I do find a lot of myself in Rochester though: the tragic mistake early in life, the dissipation which follows from the despair attendant to that mistake, the hardness of character which results from it. But especially that longing to be a better man, to rise above his circumstances and find his way back to the light. And when he thinks he's found, in Jane, the angel to lead him back to that light, I think, "even so".
But I also see something of myself in Jane, early on in the story. The childhood is quite similar. And that scene where she more or less snaps, and stands up to her aunt...I had a scene very much like that with my stepmother. And then it led to the same sort of willfulness as I grew up: a determination never to let myself be bullied and trampled on again. Or to stand by and watch anyone else be treated so.

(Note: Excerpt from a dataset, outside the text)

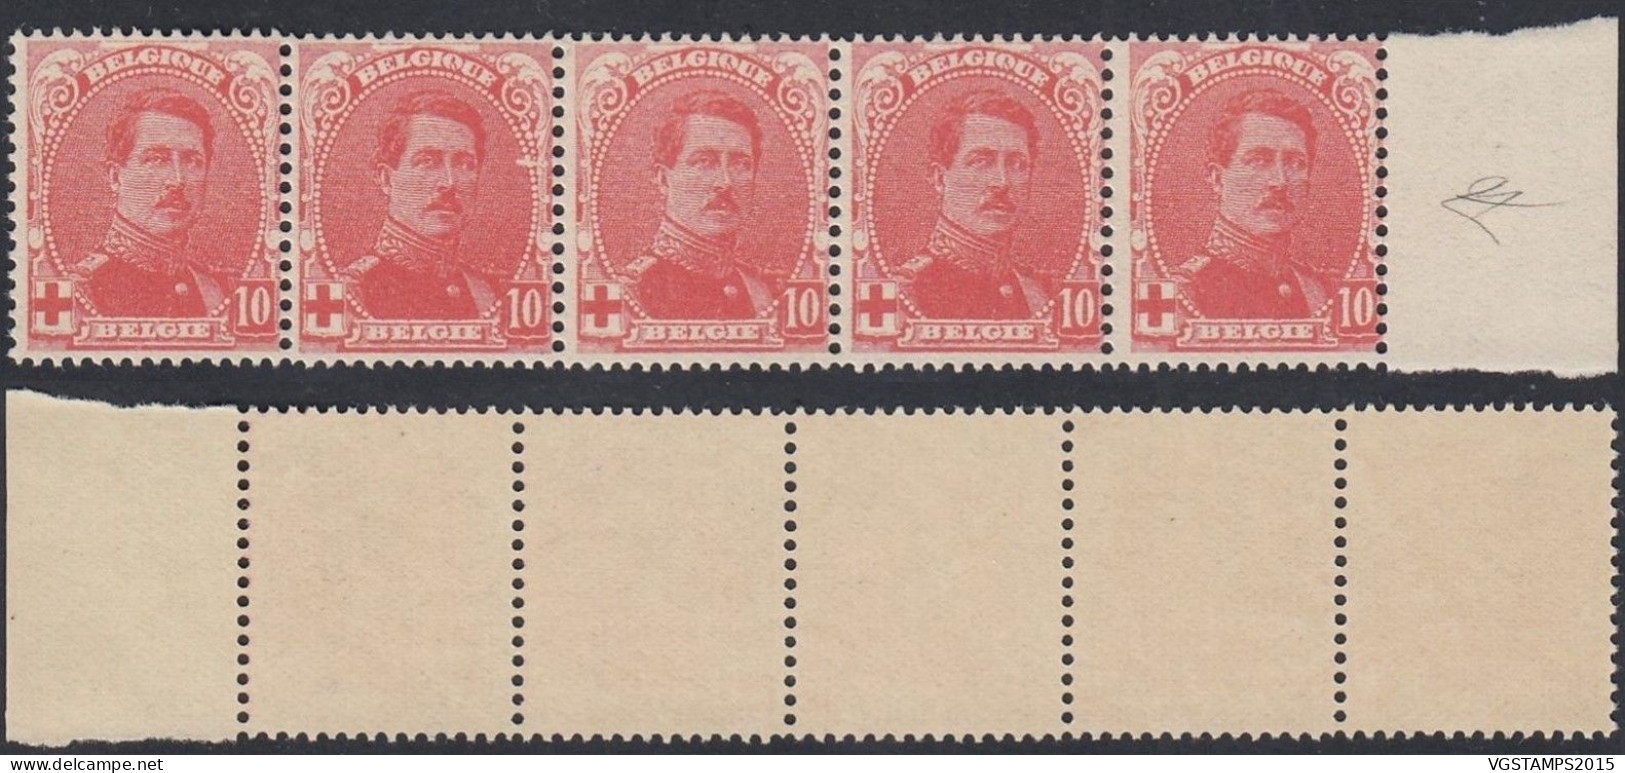 Belgique 1914 - Timbres Neufs. Nr.: 130 V. Bande De 5 Timbres................ (EB) AR-02046 - 1914-1915 Rode Kruis

And then Jane, alone on the moor, cast off from all she knows and loves, is the best metaphorical picture I have ever encountered of where I have been, emotionally, since...well, you know. Exactly it. Especially because it is, for her, just the latest in a series of hard knocks that always seem to end with her alone, destitute, and friendless. But most especially this part:
(Jane has been worrying, despite her own pain, of her beloved's sufferings, and what they might drive him to) "Gentle reader, may you never feel what I then felt! May your eyes never shed such stormy, scalding, heart-wrung tears as poured from mine. May you never appeal to Heaven in prayers so hopeless and so agonised as in that hour left my lips; for never may you, like me, dread to be the instrument of evil to what you wholly love."I have. I have felt what she then felt; and feel it still. I've said those prayers and shed those tears. "The instrument of evil to what you wholly love." The only other author I've come across who touched on this was Richard Llewellyn, who said, "A horrible feeling, it is, to know you are a burden in body and spirit to somebody dear to you." There is no pain like the pain of knowing, or fearing, that you've hurt someone you love.
3 comments:
omg that speech by Jane is the best "fuck you" of all literature
The one to her aunt?
no no the big one!
(Jane speaking) "Do you think I can stay and become nothing to you? Do you think I am an automaton?--a machine without feelings? and can bear to have my morsel of bread snatched from my lips, and my drop of living water dashed from my cup? Do you think, because I am poor, obscure, plain, and little, I am soulless and heartless? You think wrong!--I have as much soul as you,--and full as much heart! And if God had gifted me with some beauty and much wealth, I should have made it as hard for you to leave me, as it is now for me to leave you. I am not talking to you now through the medium of custom, conventionalities, nor even of mortal flesh;--it is my spirit that addresses your spirit; just as if both had passed through the grave, and we stood at God's feet, equal,--as we are!"